Keep in mind, in March of 1929 the stock market had a mini-crash, similar to what we saw after the mess of the markets a year ago. Not a full crash; but it was one hell of a drop. Things rebounded and as the market seemed to heal, people forgot or disregarded what had happened and over the summer things were nice and in September of that year, things hit a new high. Forwarding to October of 1929 and Kaboom! The market took a dive which nobody had foreseen. In point of fact, after the September rally, even more had figured that the good times were back, which made the October events-Black Thursday, where on October 24, prices fell sharply and people were selling like mad. Bankers got together, threw their money in, the selloff ceased and calm returned in time for the weekend. Then came Tuesday, October 29, and we know what happened then. (if not read up on it at your local library or do an Internet search and learn more). Part of what triggered the big crash was the nervousness which took over after the events of the 29th. When things looked better, people decided to get out. Sell their shares, rake in whatever profits they could. The result was Kaboom!
In November of '29 there was another dip, and the markets did poorly for a few years after.

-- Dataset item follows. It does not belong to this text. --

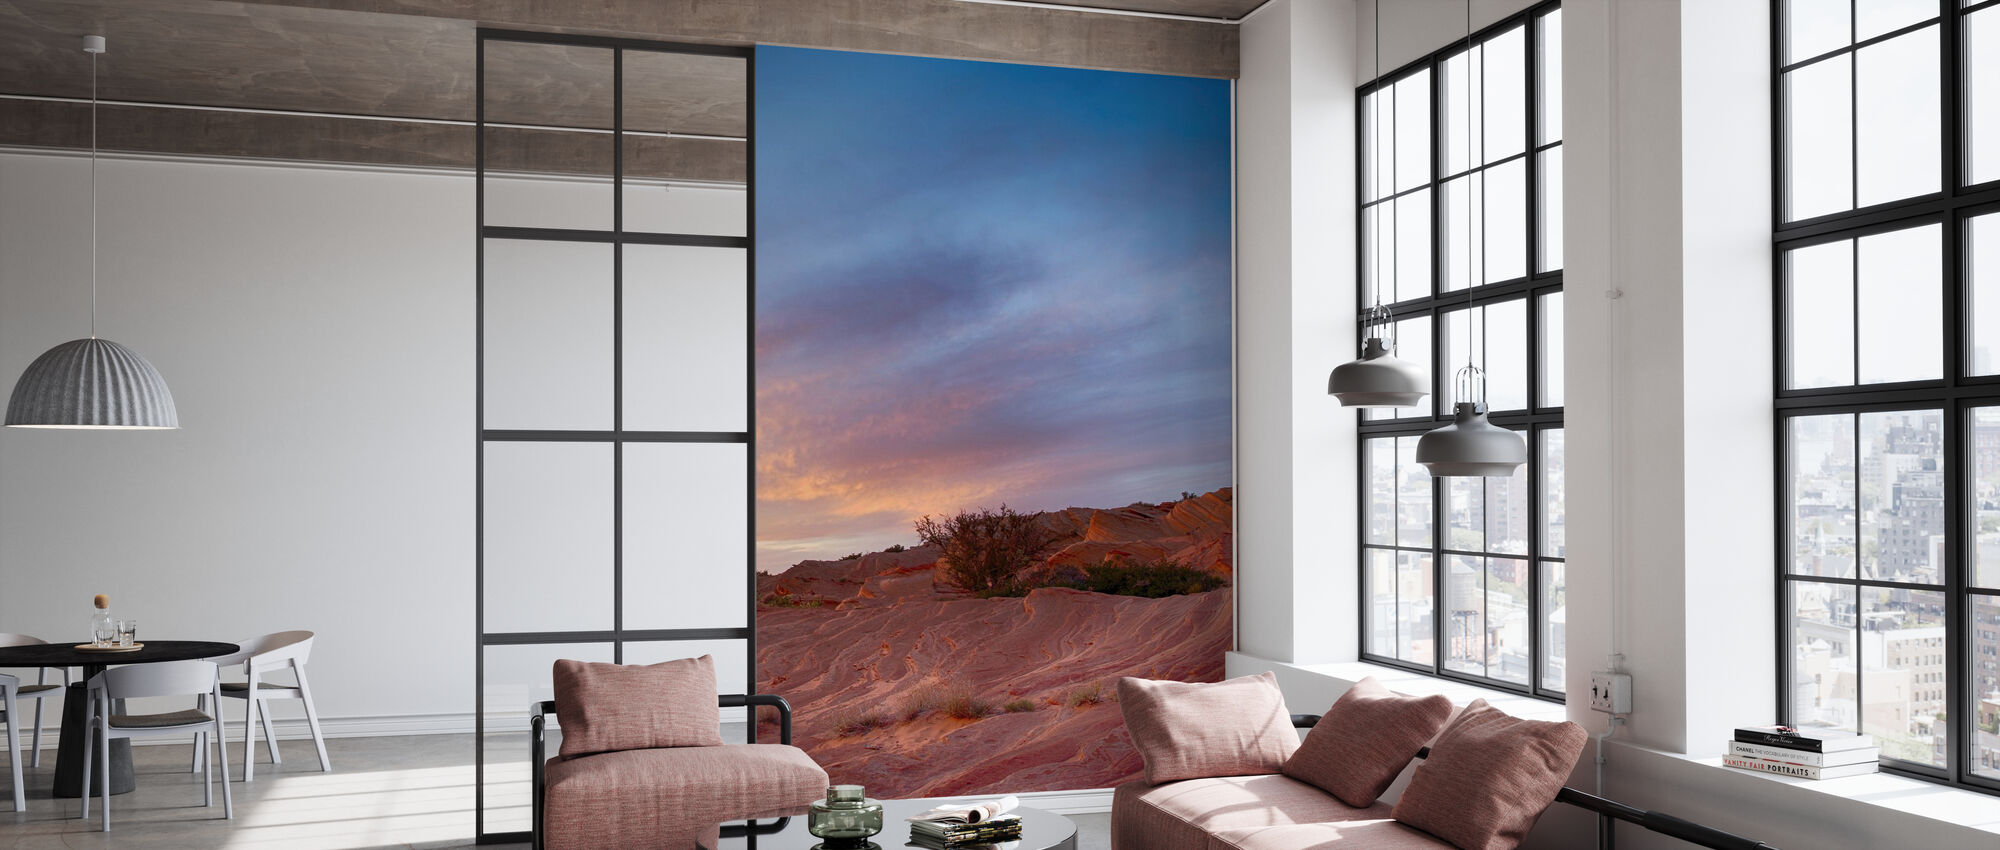 Desert Scene - Wallpaper - Office

A similar disaster could happen here if people who are invested in the market decide to get out now. That amount of selloff could conceivably cripple the market more than what we saw in that last drop.
Mind you, I am hoping the market will maintain its slow steady growth; but, I am not yet fully convinced we are thriving. The job market is still a wreck. costs are still high, people who have jobs have had salaries frozen, while their expenses have risen. A healthy stock market is not proof that all is well. Hopefully things will get better all around.